Comparative Example 3 A magenta toner was prepared in the same manner as in Example 7 except that the exemplified compound (10) was not used, and evaluated in the same manner as in Example 7. As a result, image scatter, turbulence, fog, etc. occurred. Therefore, the image quality was remarkably inferior and it was judged that the toner cannot be used as a full-color toner.

Comparative Example 4 In Example 7, except that the exemplified compound (10) was replaced by an ammonium complex of aromatic salicylic acid (trade name Bontron E-88, which is commercially available as a charge control agent from Orient Chemical Industry Co., Ltd.). A magenta toner was prepared in the same manner as in Example 7 and evaluated in the same manner as in Example 1. As a result, although a great improvement was seen in terms of color reproduction, image scatter, turbulence, and fog occurred. The image quality was remarkably inferior, and it was judged that the toner could not be used as a full-color toner.

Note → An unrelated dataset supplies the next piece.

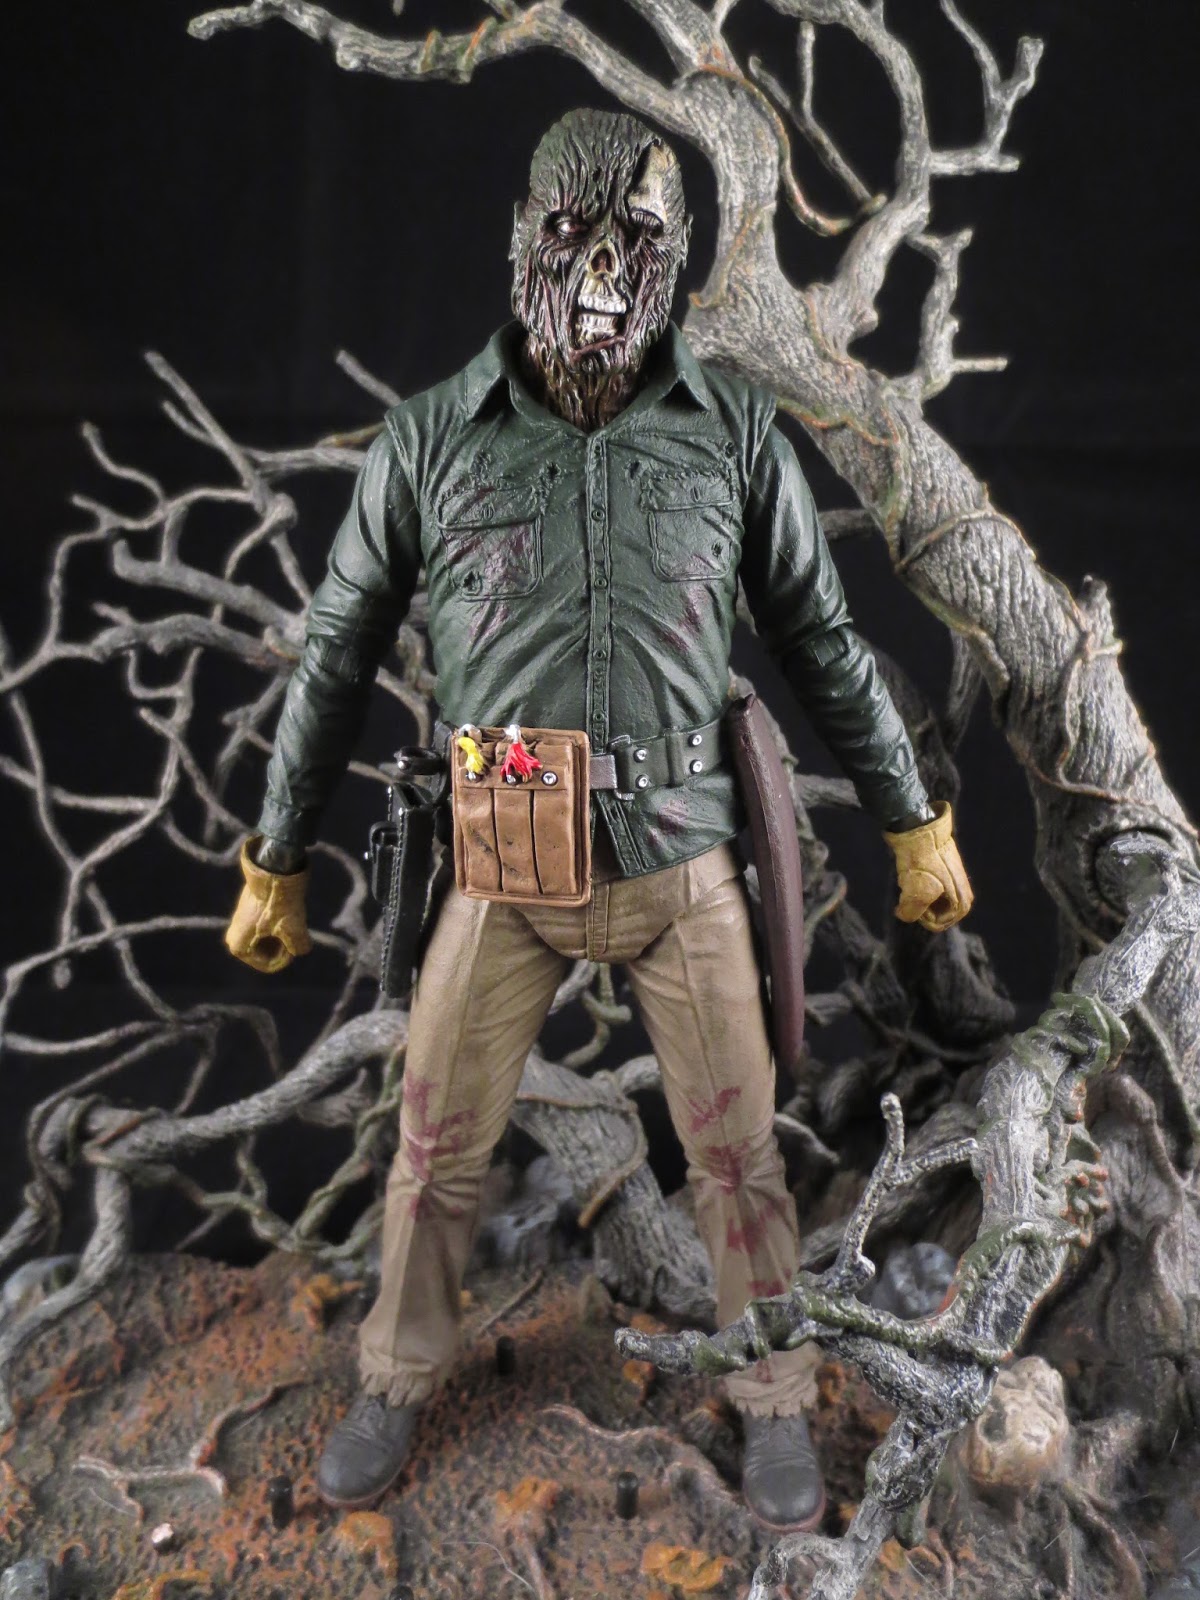 Friday 13th Part 6 Ultimate Jason Voorhees 7" Figure NECA RE-ISSUE Horror

(Effects of the Invention) The above-mentioned silicon-containing complex compound in the present invention is a colorless negative charge control agent and is also excellent in negative chargeability.
The toner of the present invention using the same is excellent in the environmental stability of the charging property and the stability of the charging property during repeated use, exhibits excellent color reproducibility, and is suitable as a full-color toner.

Claims (1)

[Claims] 1. A monocyclic or polycyclic aromatic diol, a monocyclic or polycyclic aromatic hydroxycarboxylic acid containing a silicon atom and capable of forming a chelate in an amount of 2 mol or more per mol of silicon, as an essential component, or A toner for developing an electrostatic image, comprising a complex compound in which a monocyclic or polycyclic aromatic dicarboxylic acid is coordinated.